*** Collected data ***

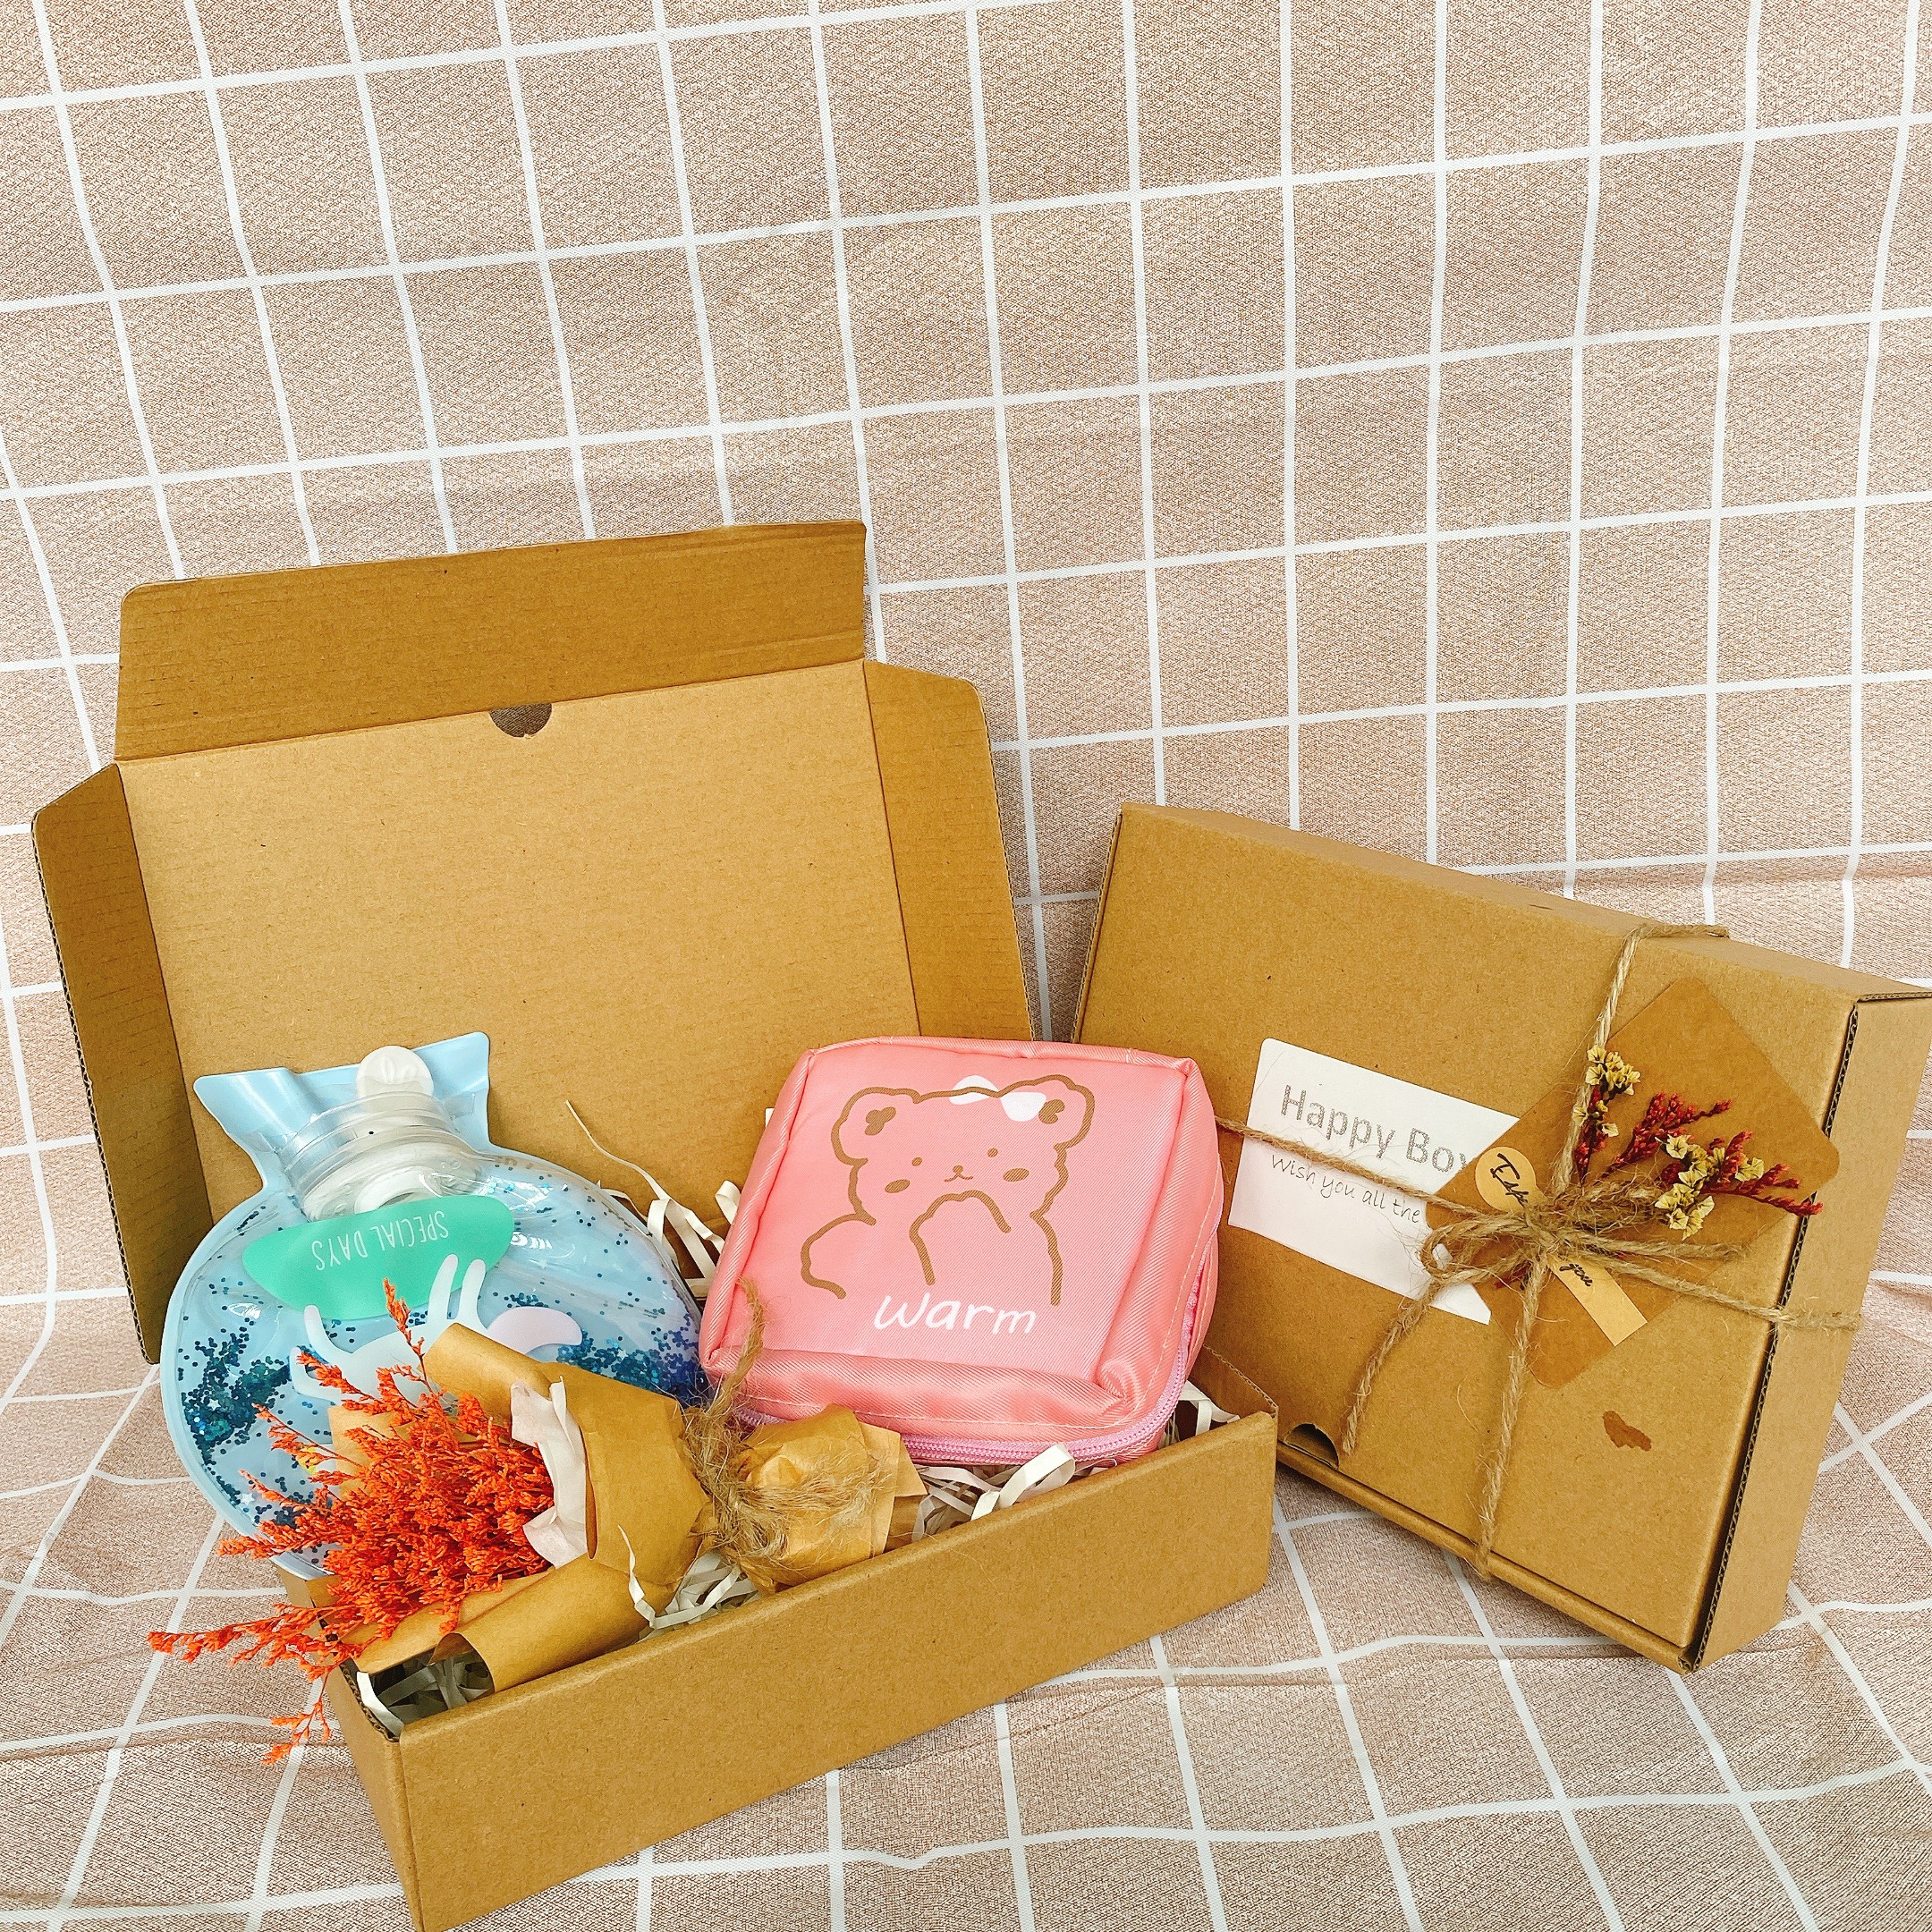 Set quà tặng HAPPY BOX tặng bạn trai, bạn gái xinh xắn tặng kèm thiệp và hỗ trợ viết thiệp xinh xắn và gói quà miễn phí
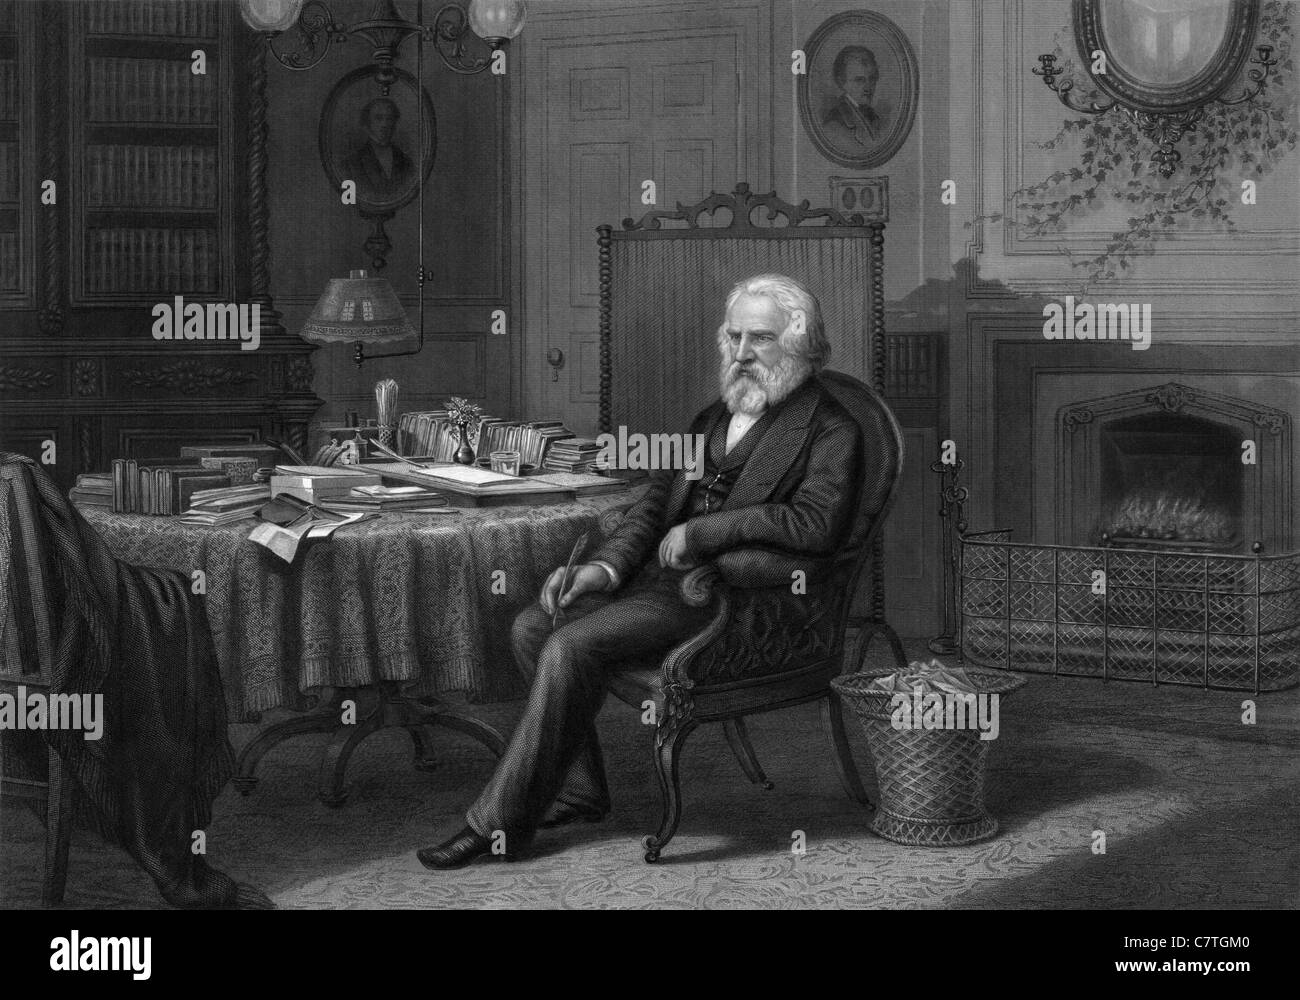 Gravure portrait Vintage circa 1880 d'éducateur et poète américain Henry Wadsworth Longfellow (1807 - 1882) assis dans son étude. Banque D'Images
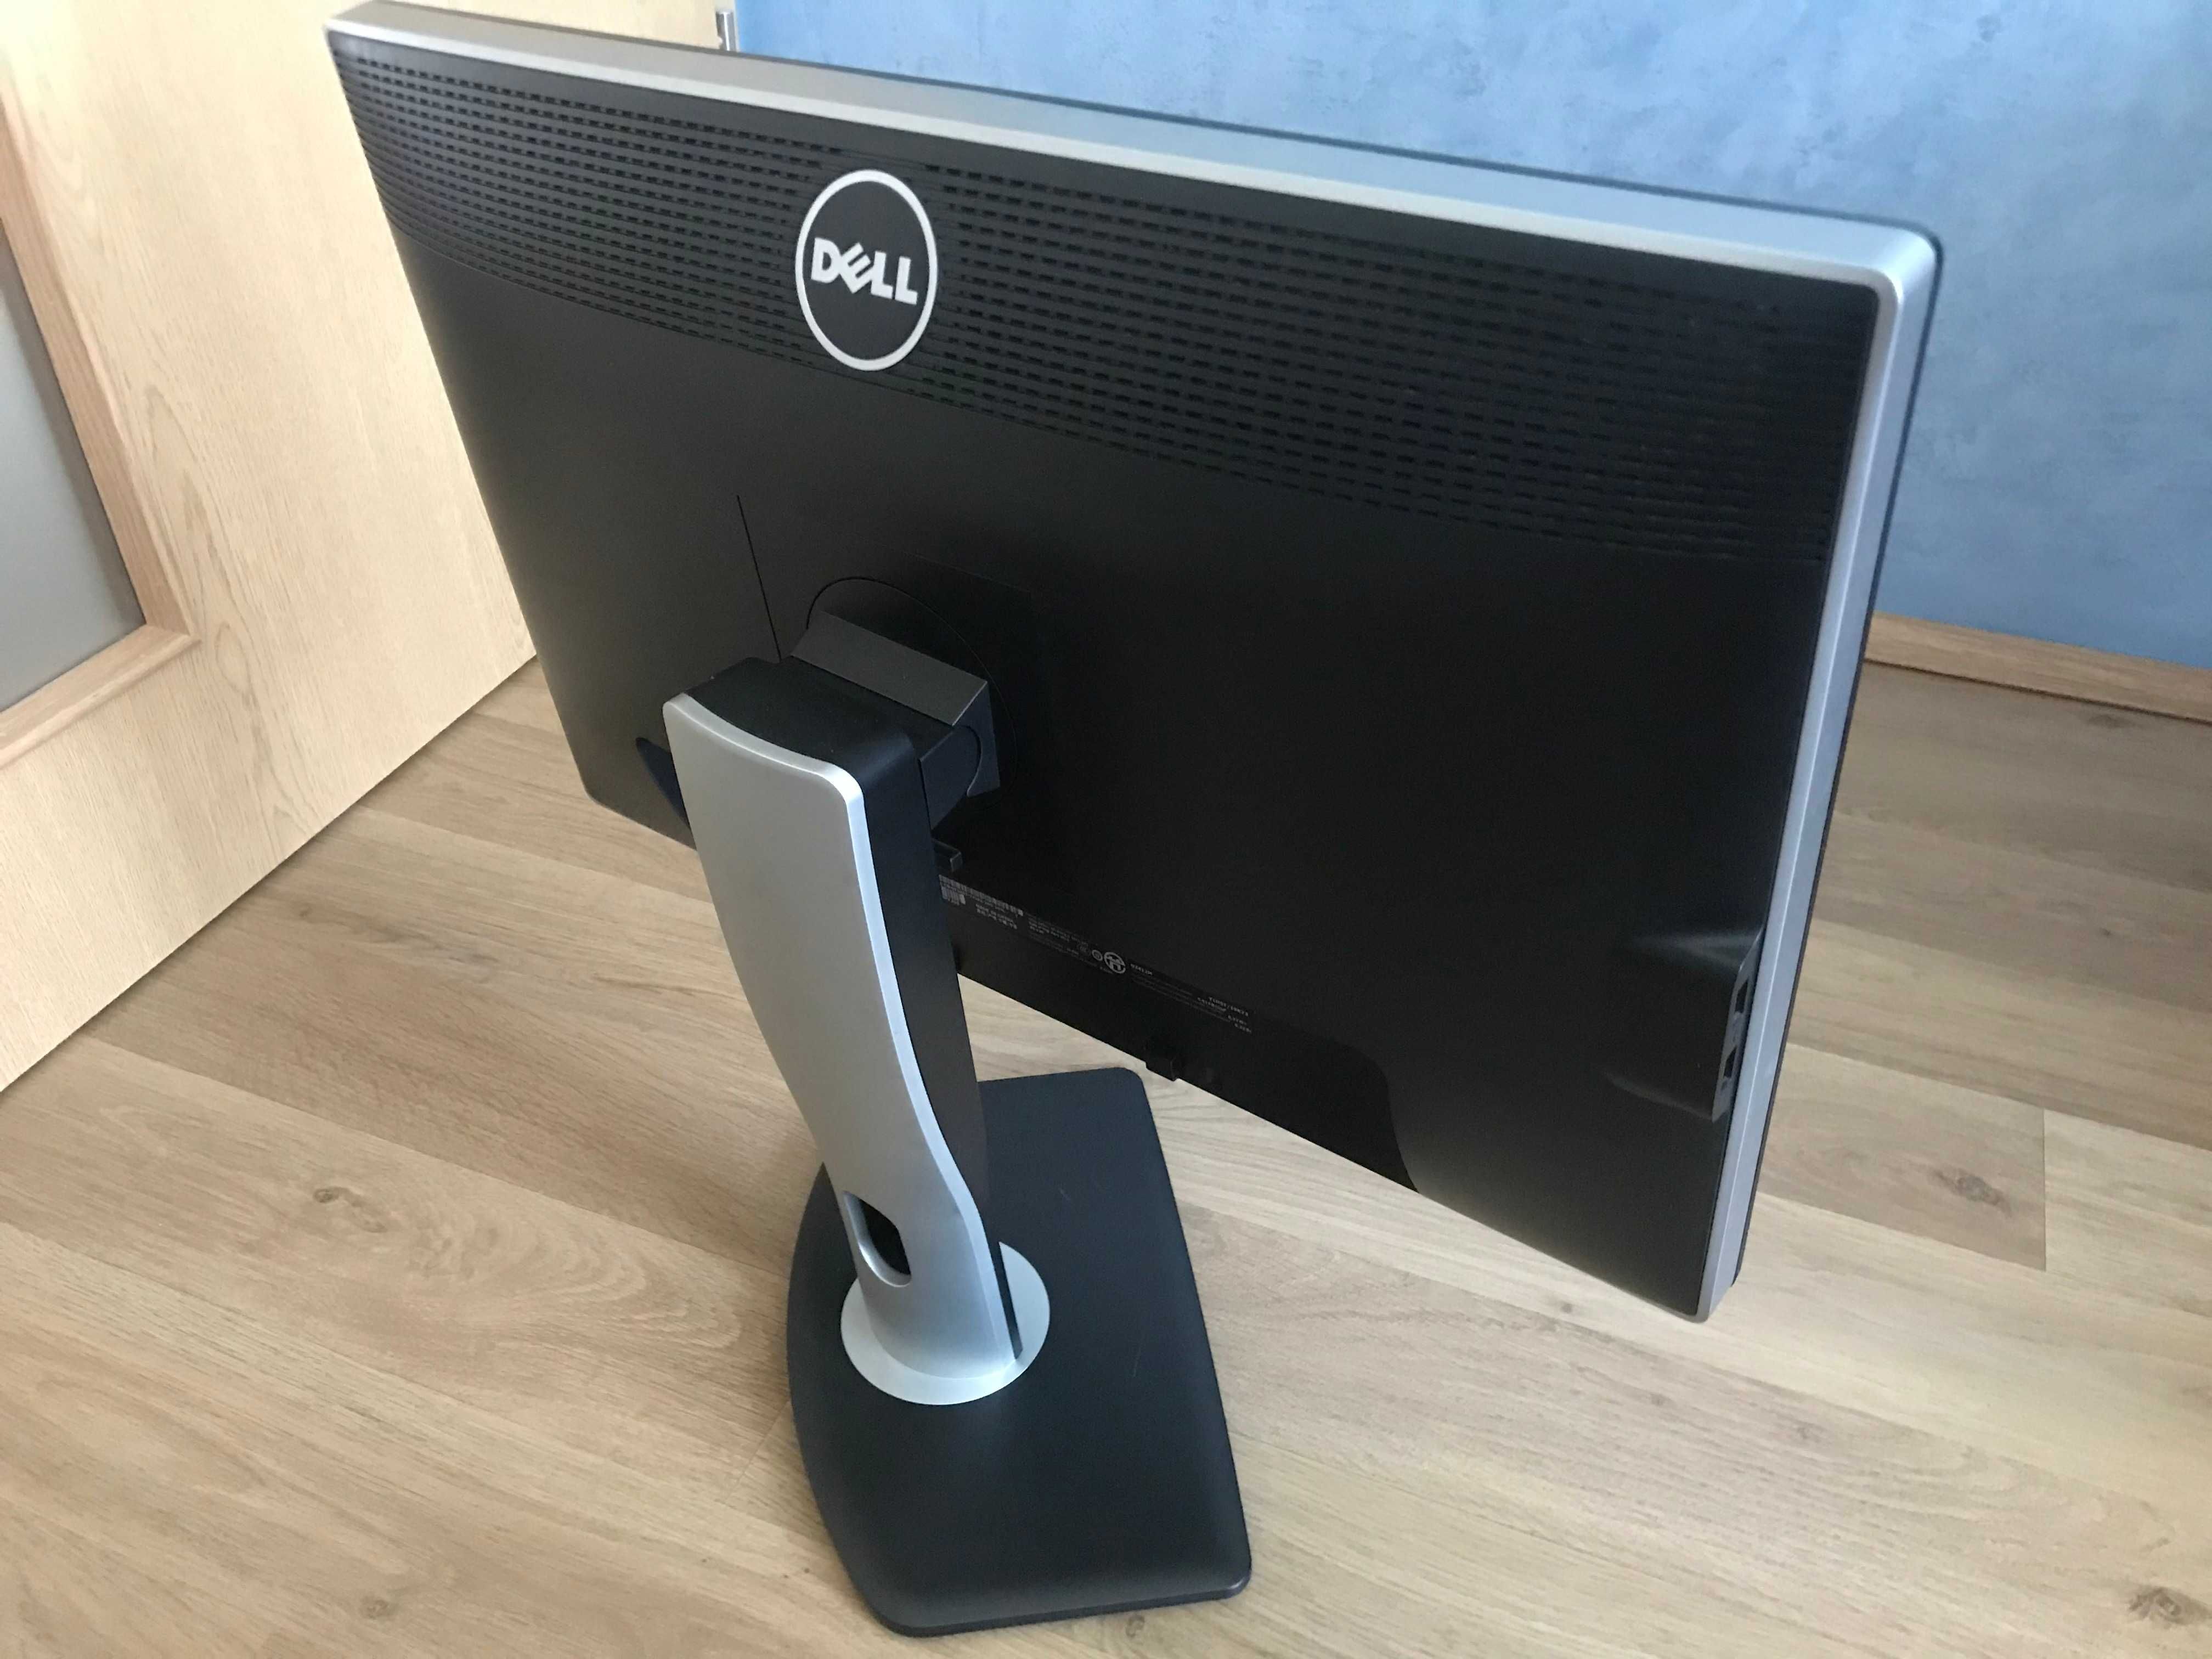 Monitor Dell in stare foarte buna

*** End of Collected data ***

■ Work request:
A verbatim copy of the material is needed; pictures are not to appear in it.

■ Expected answer:
 Set quà tặng HAPPY BOX tặng bạn trai, bạn gái xinh xắn tặng kèm thiệp và hỗ trợ viết thiệp xinh xắn và gói quà miễn phí
 Gravure portrait Vintage circa 1880 d'éducateur et poète américain Henry Wadsworth Longfellow (1807 - 1882) assis dans son étude. Banque D'Images
 Monitor Dell in stare foarte buna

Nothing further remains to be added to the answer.